Я искренне радовался тому, что в досье Палёнова возникла серьезная брешь: Домерщиков не был дезертиром! Заблуждался и Иванов-Тринадцатый, утверждая в своих дневниках, что Домерщиков, "выбитый из равновесия обстановкой обезоруженного корабля, не имея характера спокойно ожидать окончания войны", оставил корабль и дезертировал в Австралию по любовным мотивам. Впрочем, эта версия могла возникнуть и со слов самого Домерщикова.

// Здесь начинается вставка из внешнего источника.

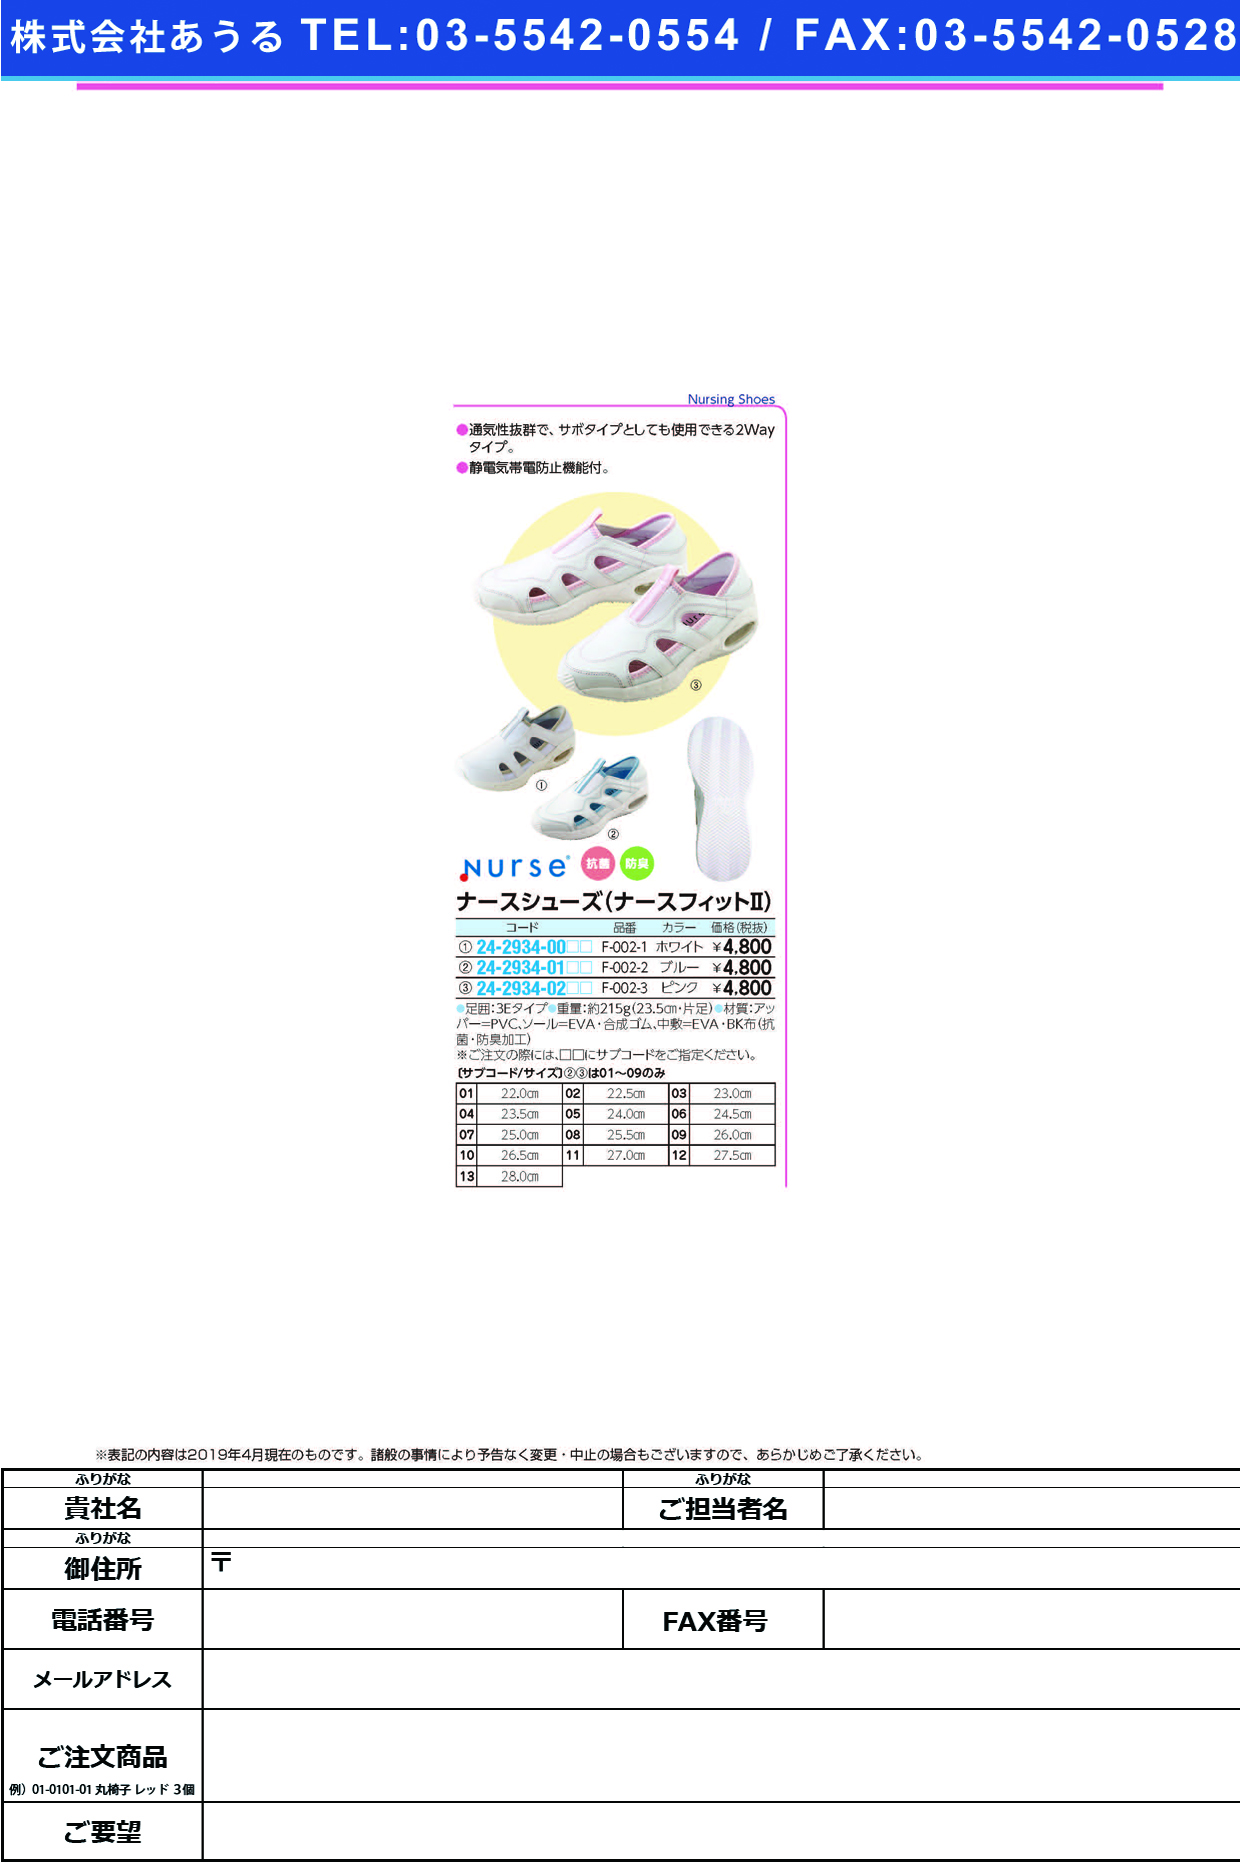 (24-2934-01)ナースシューズナースフィットⅡ F-002-2(ﾌﾞﾙｰ) ﾅｰｽｼｭｰｽﾞﾅｰｽﾌｨｯﾄ2 ２３．０ｃｍ(フォーク)【1足単位】【2019年カタログ商品】

Чтобы не раскрывать истинных причин своего бегства из России, он мог отделаться от досужих расспросов бравадой насчет красивой американки (японки и т.п.).
Но что же его заставило бежать с "Жемчуга"?
Ищу ответ в старых владивостокских газетах. "Владивостокский листок" № 14 за 1906 год, репортаж о расстреле демонстрации 10 января.
РУКОЮ ОЧЕВИДЦА: "На 1-й Морской, в промежутках между цирком и Алеутской... строятся матросы... Впереди музыка, публика группируется сначала кучками, а затем тоже выстраивается приблизительно рядами. Шапки, шапки, фуражки... Нетерпеливо движутся вперед... Идут... Поворот к зданию штаба - темно-зеленые щиты пулеметов. Между ними застыли солдатские и офицерские фигуры. Отчетливо виден офицер с поднятой шашкой...
Трубач дал сигнал. Резким движением шашка опускается вниз. У левого пулемета показывается роковой кудрявый дымок, и к его дроби присоединяются остальные.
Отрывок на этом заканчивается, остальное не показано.